Legislation looks to alter vendor sales

MARIETTA – Mobile vendors could have the ability to sell hot dogs, shaved ice and other food on some city-owned properties, according to legislation discussed during a meeting of Marietta City Council’s planning, zoning, annexation and housing committee Tuesday.

The measure amends portions of Chapter 722 of the city code pertaining to peddlers, solicitors, canvassers and mobile food vendor operations within the city limits to allow, with some exceptions, mobile vendors in Lookout Park, Indian Acres Park, Buckeye Park, Jackson Hill Park and Flanders Field.

“But you would have to have permission so that there’s no conflict with other concessions that are already operating in the parks,” committee chairman Roger Kalter, D-1st Ward, told the mobile vendors who attended Tuesday’s meeting.

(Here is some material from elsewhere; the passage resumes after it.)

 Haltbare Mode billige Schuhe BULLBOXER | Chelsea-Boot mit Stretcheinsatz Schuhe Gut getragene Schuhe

He was referring to food concessions operated by the Marietta Softball Association on ballfields at Buckeye Park and Indian Acres Park. Mobile vendors would have to obtain written permission from the softball association through the city public facilities department before being allowed to sell items in those areas.

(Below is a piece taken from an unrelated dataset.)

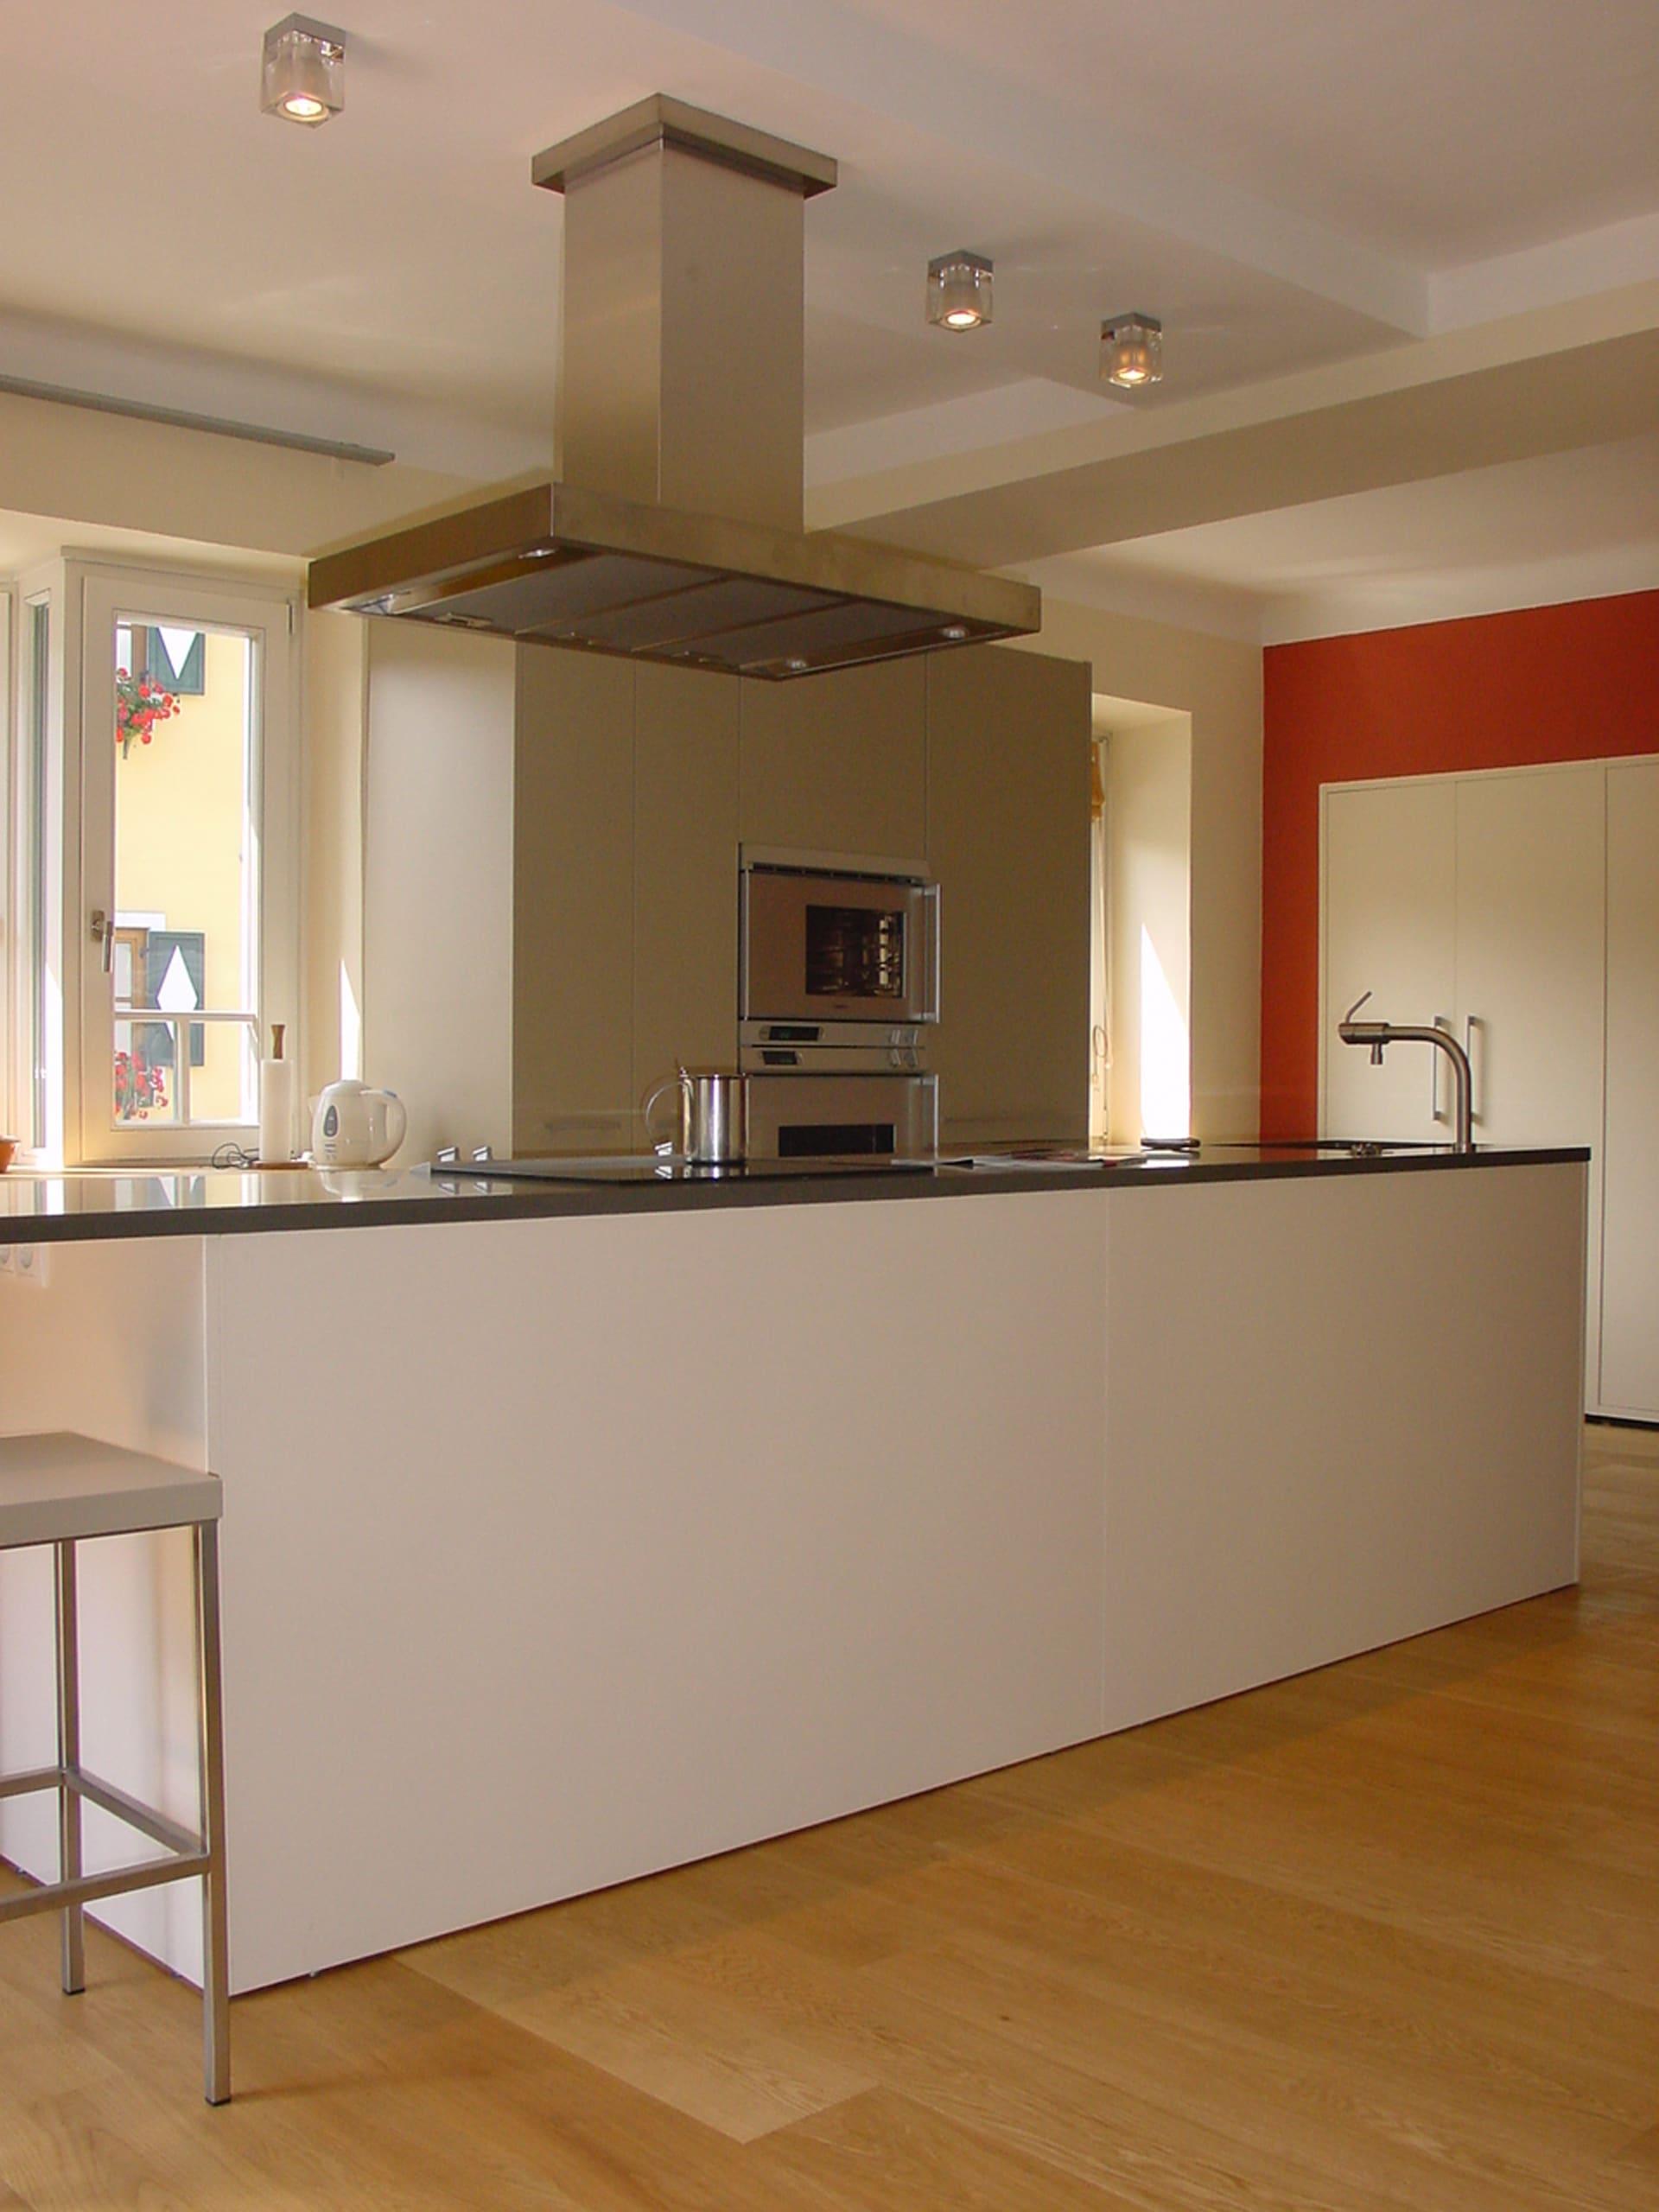 Erfreut Beste Professioneller Küchenschrank Design Software ...

Another exception at Indian Acres Park is the Marietta Aquatic Center, according to the proposed amended legislation, although anyone leasing the aquatic center for a private pool party could give mobile vendors permission to sell food during those events, said city law director Paul Bertram III.

“If you want to set up your mobile vending on any private property within the city, you do not have to pay a licensing fee to the city of Marietta,” he said.

But to operate in all of the designated city parks a vendor on foot would have to pay a licensing fee of $5 a week, $15 a month or $100 a year.

Hand cart vendors would pay $7.50 a week, $20 a month or $100 a year for a permit to operate in the city parks.

And vendors working from wagons or motor vehicles would pay $10 a week, $25 a month or $100 annually for the right to sell products on the park properties.

During annual festivals, street fairs and other community events, mobile vendors would be permitted to sell wares in East or West Muskingum parks or on the Armory Square grounds from 8 a.m. to 10 p.m. by obtaining a no-cost permit from the city safety-service director.

“During the Ohio River Sternwheel Festival, for example, if you want to vend at East Muskingum Park during that event you would require a special permit from the safety-service director, and there would be no cost for that permit,” Bertram said.

He noted that during the annual Marietta Sweet Corn Festival the festival committee basically “owns” East Muskingum Park for that event, and mobile vendors wanting to operate in the park during that time period would have to obtain permission from the festival organizers.

The proposed mobile vendor legislation has been through the required three readings by city council, but the measure was tabled for further consideration and fine-tuning in committee.

Kalter said the legislation would be brought back to council for a final vote during the July 18 meeting at 7:30 p.m. in the community building at Lookout Park.